Der Stuck ist extrem dick übertüncht. Unter den Schichten aus 4 Jahrhunderten befindet sich ein sehr
schöner, exakt geschnittener Stuck. Leider ist der Erhaltungszustand sehr unterschiedlich. Bei einer
Freilegung ist damit zu rechnen, dass große Teile der Verputzprofile in den Gewölben rekonstruiert
werden müssen.
Die Freilegung erfordert mit entsprechender Sorgfalt einen großen Zeitaufwand und verursacht
durch die zahlreichen Tünchen viel Schutt. Trotzdem wäre die Freilegung ein Gewinn.

5.7. Die Nebengebäude

Wo immer möglich, sollte man auf Innenverputz verzichten und das Mauerwerk nur ausfugen.
Wo eine regelmäßige Verputzausbesserung für die Raumnutzung kein Problem darstellt, kann man
mit baustellengemischtem Kalkputz ausbessern.
Wo für die Raumnutzung ein beständiger Innenverputz erforderlich ist, wird ein möglichst
diffusionsoffenes Sanierputzsystem die nachhaltigste Lösung sein.
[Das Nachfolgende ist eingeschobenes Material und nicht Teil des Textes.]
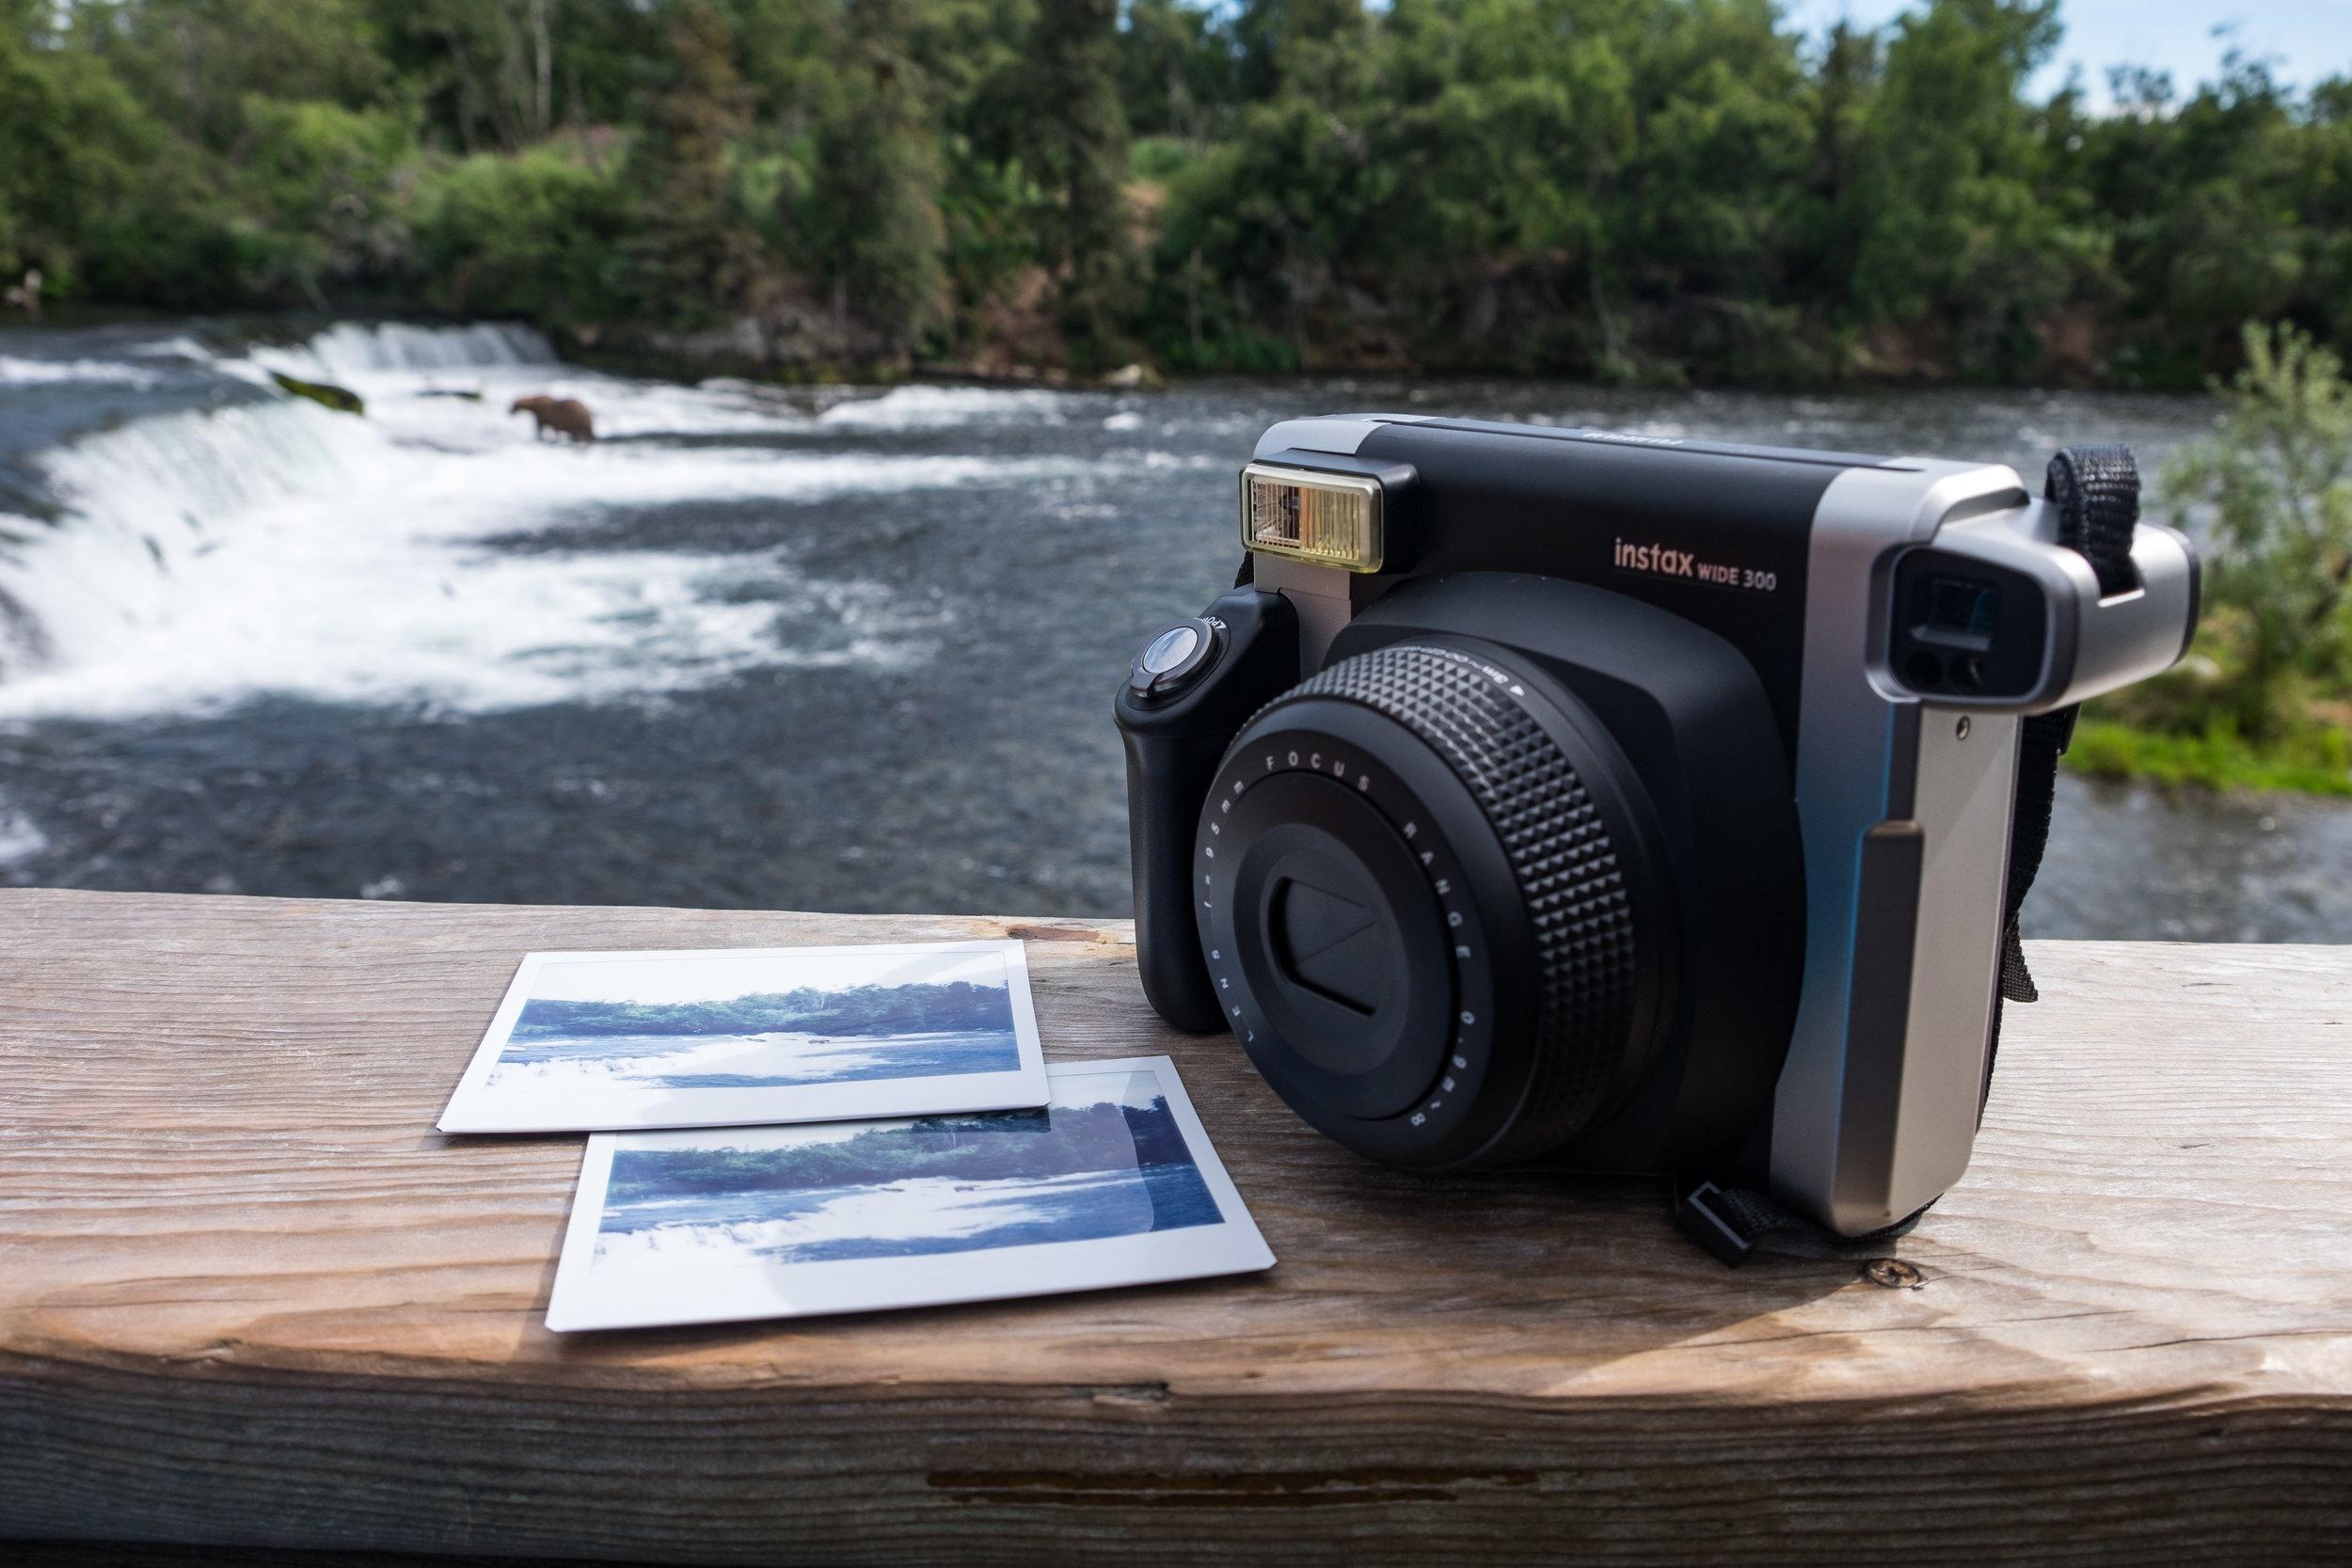 Fujifilm Instax at the legendary Brooks Falls viewing platform in Katmai National Park in Alaska.
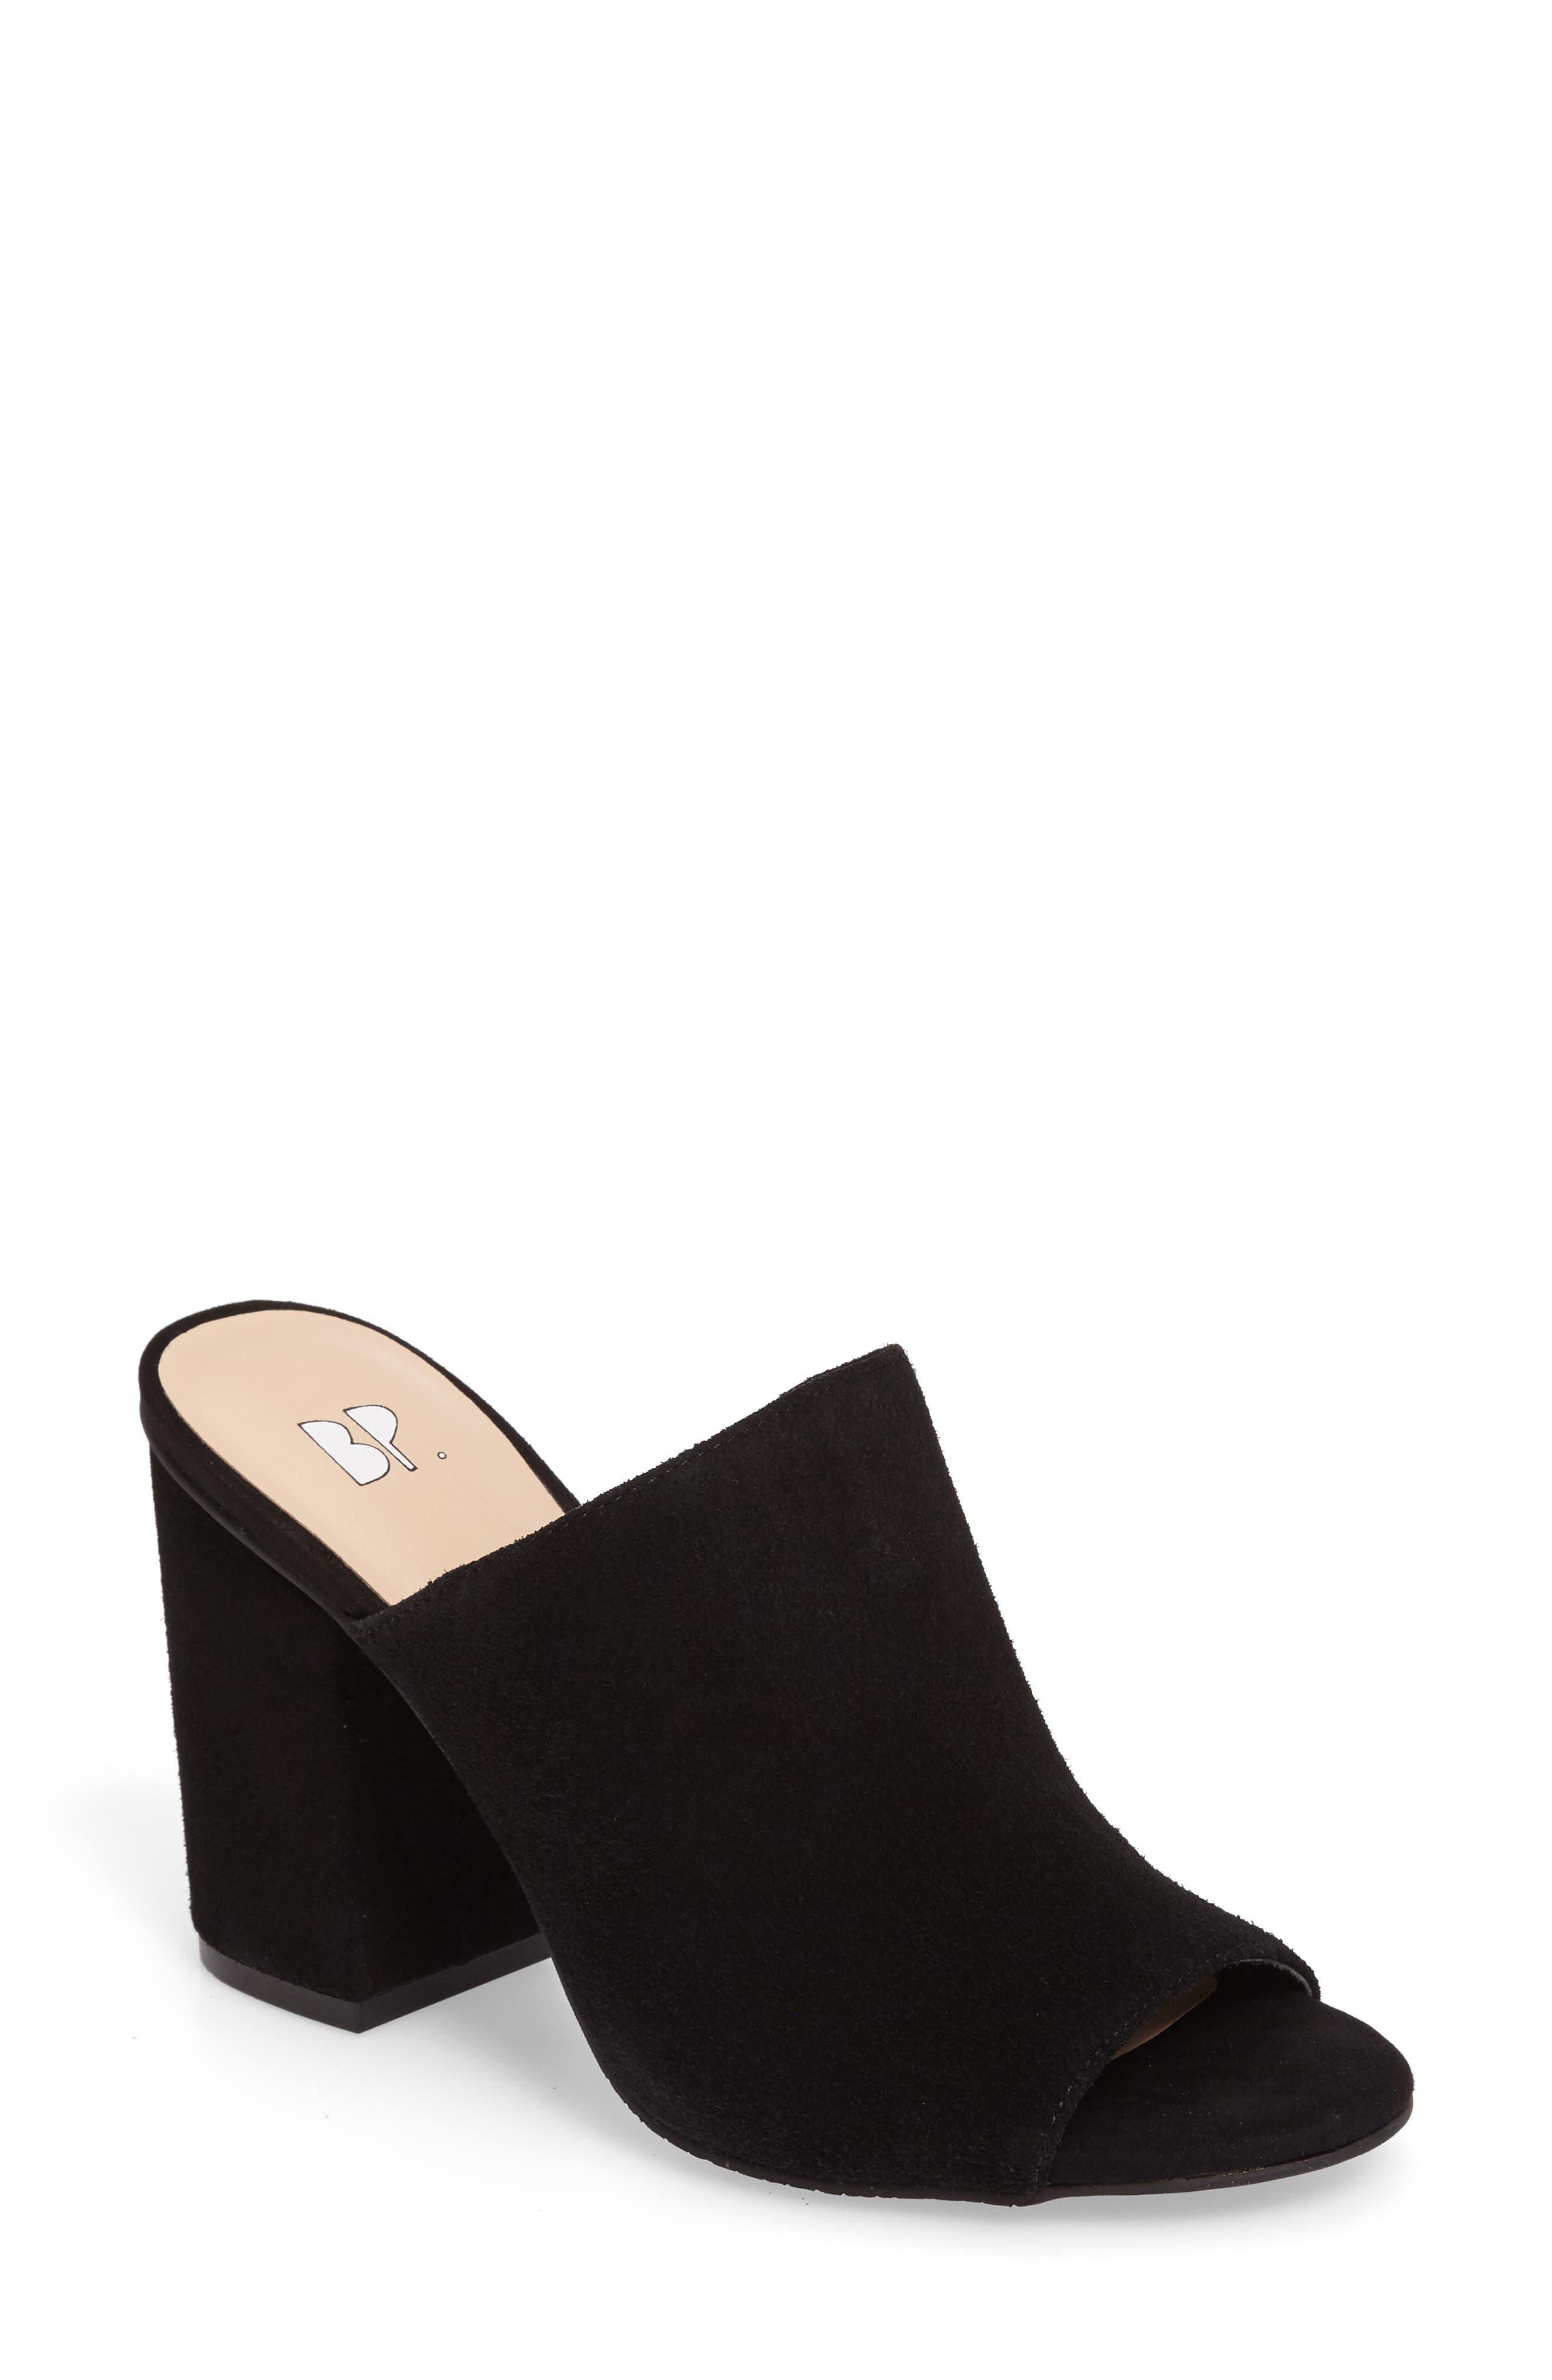 Tale Block Heel Sandal,                             Main thumbnail 1, color,                             001

Die Außenfassaden sollten mit baustellengemischtem Kalkputz ausgebessert werden.

5.8. Materialien

Verputzausbesserungen:
Baustellenmischung zB. 7 Teile Estrichsand, 2 Teile Mauersand, 2 Teile Sumpfkalk (junger Sumpfkalk
aus dem Sack ist ausreichend), 1 Teil NHL 2 oder 3,5 (natürlicher hydraulischer Kalk).
Für die Ausbesserung der Naturputzfassade des Hauptgebäudes wird wahrscheinlich eine zusätzliche
Färbung des Mörtels mit eingesumpftem Pigment nötig sein.

Stuckausbesserungen :
Dieselben Sande, jedoch auf 2 mm ausgesiebt. Nur 1 Teil Sumpfkalk und 2 Teile NHL, um eine bessere
Härte zu erzielen.

Um die Reißbeständigkeit und die gewünschte Oberfläche zu testen, müssen Probeflächen angelegt
werden.

Malerkalk:
Reinen, 3 Jahre alten Sumpfkalk verwenden. Fertigprodukte enthalten oft organische Bestandteile
zur Verbesserung der Verarbeitbarkeit. Diese Bestandteile können im ungünstigen Fall Nährboden
für Schimmel sein.
Abtönen oder Färben mit eingesumpftem Pigment.